I'd like to know in a simpler way what these types of attacks are.
And please, if you can go deeper into the subject, you could tell me a simple example of how to protect yourself from them. I am creating a website for a company and would like to understand them better and how to protect myself. Thanks
Occurs when someone uses hardware or software to register each key that the user has used. The attacker can then do an analysis of the texts to find usernames, passwords, bank account numbers etc.
How to defend yourself: use anti-virus to protect yourself from the software version, since it is malware. The hardware version is very rare - it's a device that sits on the USB port between the keyboard and the computer. This is easier to solve, just play the keylogger out if you find it.
It's all about testing passwords until they work out. Many systems nowadays have automatic protections against this type of attack. If you miss the password five times in a row on an iPhone with the most current iOS, for example, the phone deletes all files: D
This attack works best against systems that do not limit the maximum amount of password errors, and if the attacker has physical access to the machine.
How to defend yourself: Ensure minimal password complexity. Do not forgive anyone who misses the password more than a few times.
This is the oldest method of attack to get confidential information. This is to fill a user's gate until he says the passwords and other sensitive information.
How to defend yourself: train your users in martial arts and firearms handling. False teeth with cyanide capsules are an option for team members who are physically weak.
This is about exploiting a general programming flaw committed by people who have discovered what SQL is all about recently. It occurs when a program passes to a SQL query a data entered by the user, without doing any treatment on this input .
How to defend yourself: Never leave your system in the hands of only a beginner. The development team needs to have at least one experienced professional to avoid not only this, but also other types of programming failures that may be caused by lack of experience.
Friend and simple A brute force attack is nothing more than a bot or a network of bots that attempt by the "trial and error" method to set their password. Getting access it captures your password and comes back later through an invasion, somehow through the front door of your site. How to protect yourself: Generate and frequently exchange strong passwords, which contain at least 8 characters, uppercase and lowercase letters, numbers and special characters (! @ # $% & * *), Not putting words that are known or easy to discover , even better if they are totally random. keep your computer (especially if you run the Windows operating system in any version) clean and away from viruses, with frequent checks with good antivirus (that free antivirus does not always solve). never, ever and under any circumstances save passwords on your computer or ask the browser / browser to save for future access.
keylogger: (or keylogger), although often understood as spyware, is a computer program whose purpose is to record everything that is typed on a keyboard, most of the time aiming to capture passwords, card numbers credit and other important information.

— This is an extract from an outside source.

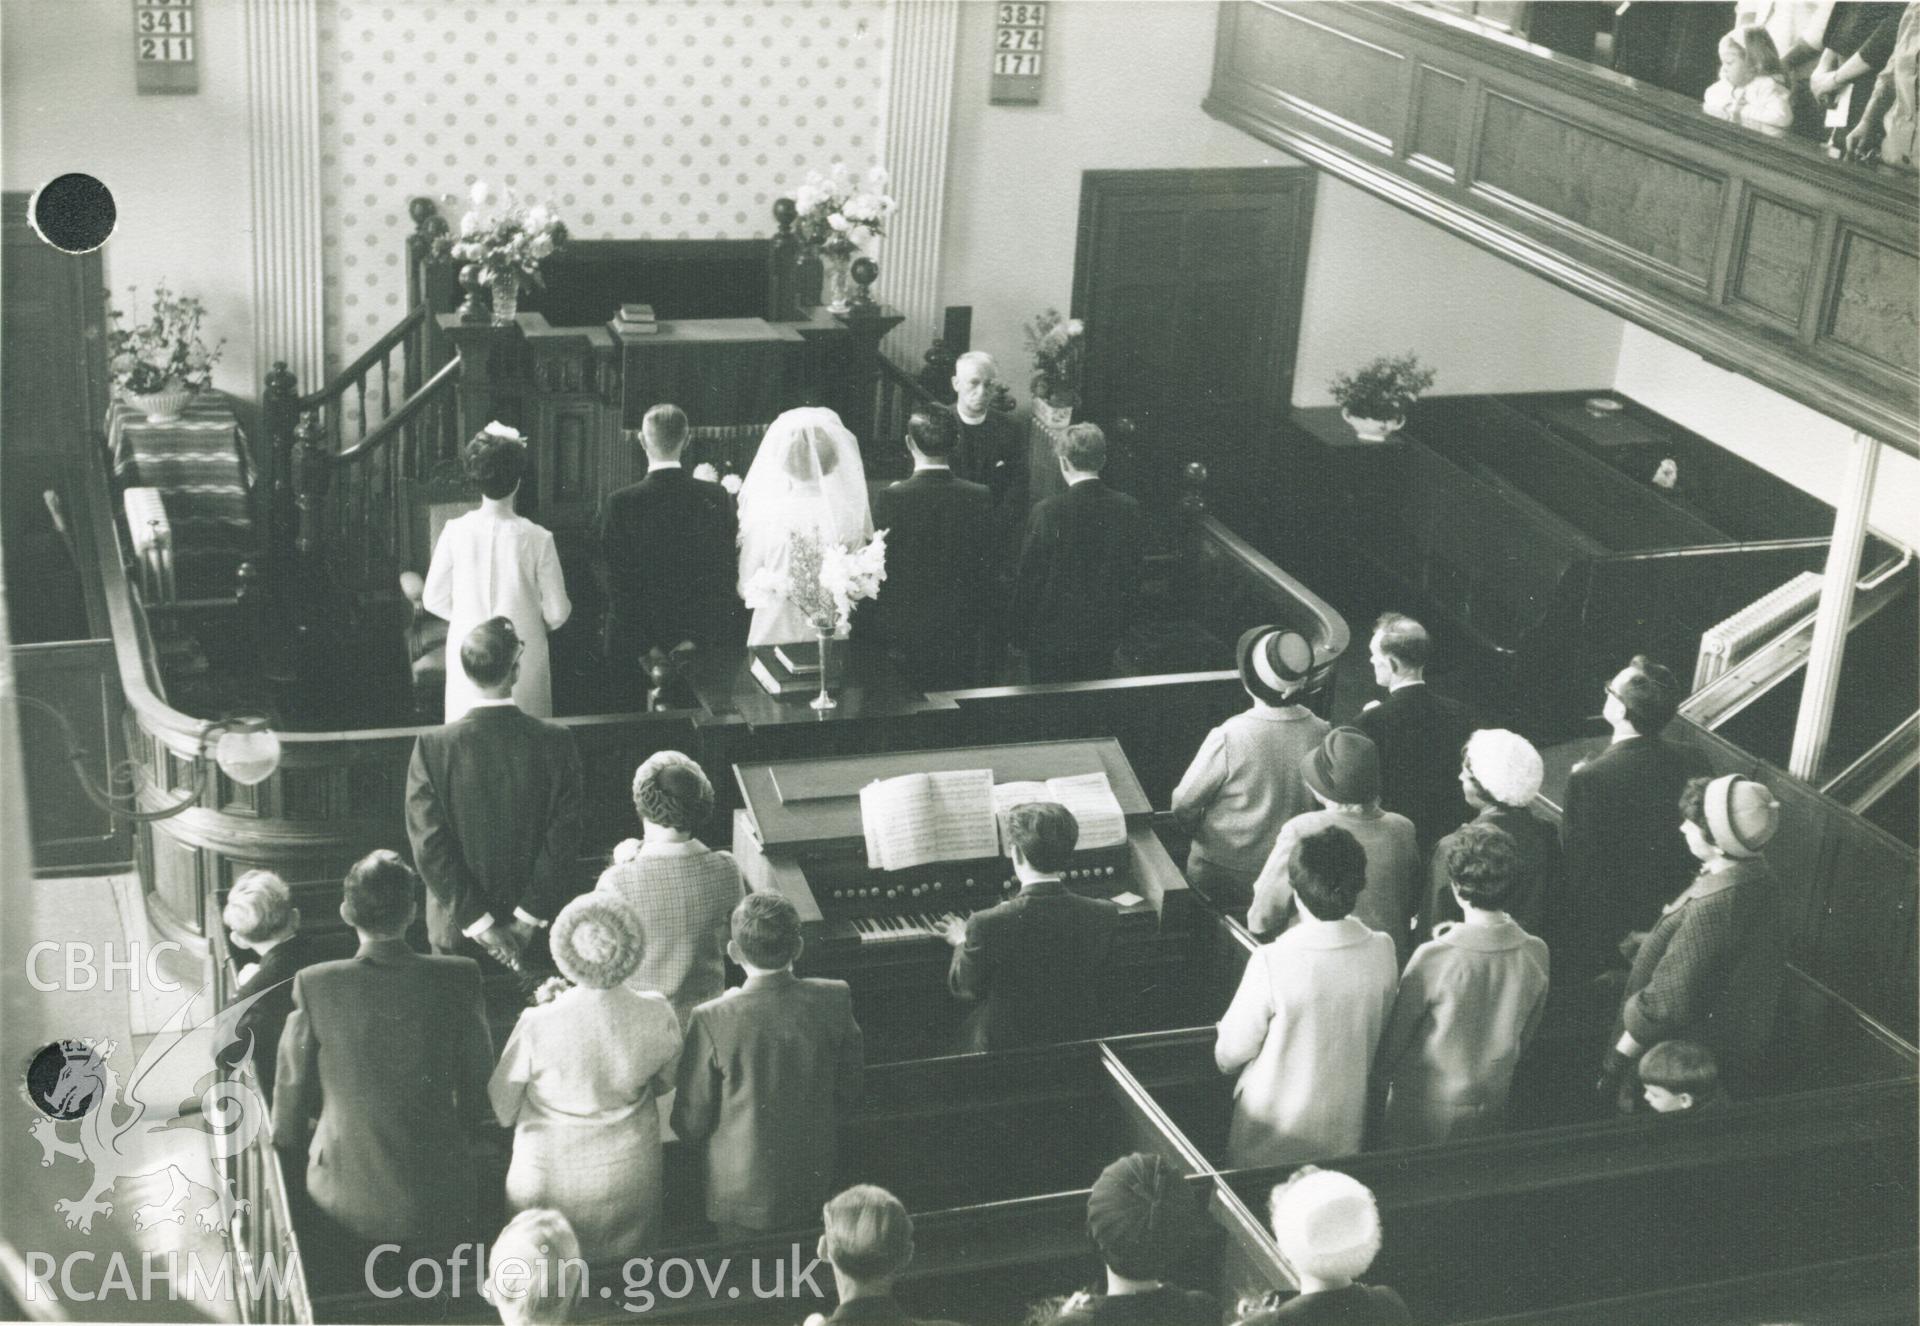 Black and white photograph of Mrs Gloria Pritchard (Chalk) wedding ceremony, Minister: Gwyn Jones, 28th September 1966. Donated as part of the Digital Dissent Project.

It has a typical virus operation, as it is installed and acts without the user noticing its presence. How to protect yourself: Keeping an up-to-date antivirus is critical, even more so when we are almost all connected to the internet, downloading files, swapping music, videos and testing programs and games.
Sql Injection: is an attack consisting of the insertion (known as injection) of a query via web application. Locaweb always takes all precautions regarding updates to avoid any security breaches in the hosted sites. However, sometimes vulnerabilities emerge that are exploited through programming, nothing to advance the precautions we take. Such vulnerabilities are present in codes (ASP, PHP, etc.) placed by the clients themselves. This is the case of "SQL Injection", a loophole through which an attacker can execute arbitrary queries or statements on a relational basis via "injection" of commands into form fields. How to protect yourself: Using the addslashes () function has the same effect as enabling magic quotes, but only applies where convenient. What it does is to put an escaped character before the single or double quotes, before the backslash and the NULL character. Using 'prepared statements' instead of the SQL code itself assigning all other prevention measures to use this, would give us more performance and security, as well as being simpler to read and write. However it can only be used in SELECT, INSERT, UPDATE, REPLACE, DELETE and CREATE TABLE. $ login = $ _GET ['login'] $ query="SELECT * FROM records WHERE login = '$ login'"; Would be like this: $ query="SELECT * FROM records WHERE login = OR 1";
Cryptanalysis of rubber hose: In cryptography, rubber hose cryptanalysis is the extortion of cryptographic secrets (eg the password to an encrypted file) from a person by coercion or torture, [1] [2] by contrast with the attack of mathematical or technical cryptanalysis. Euphemism refers to striking someone with a rubber hose until it cooperates. How to protect yourself: Training users for any type of torture.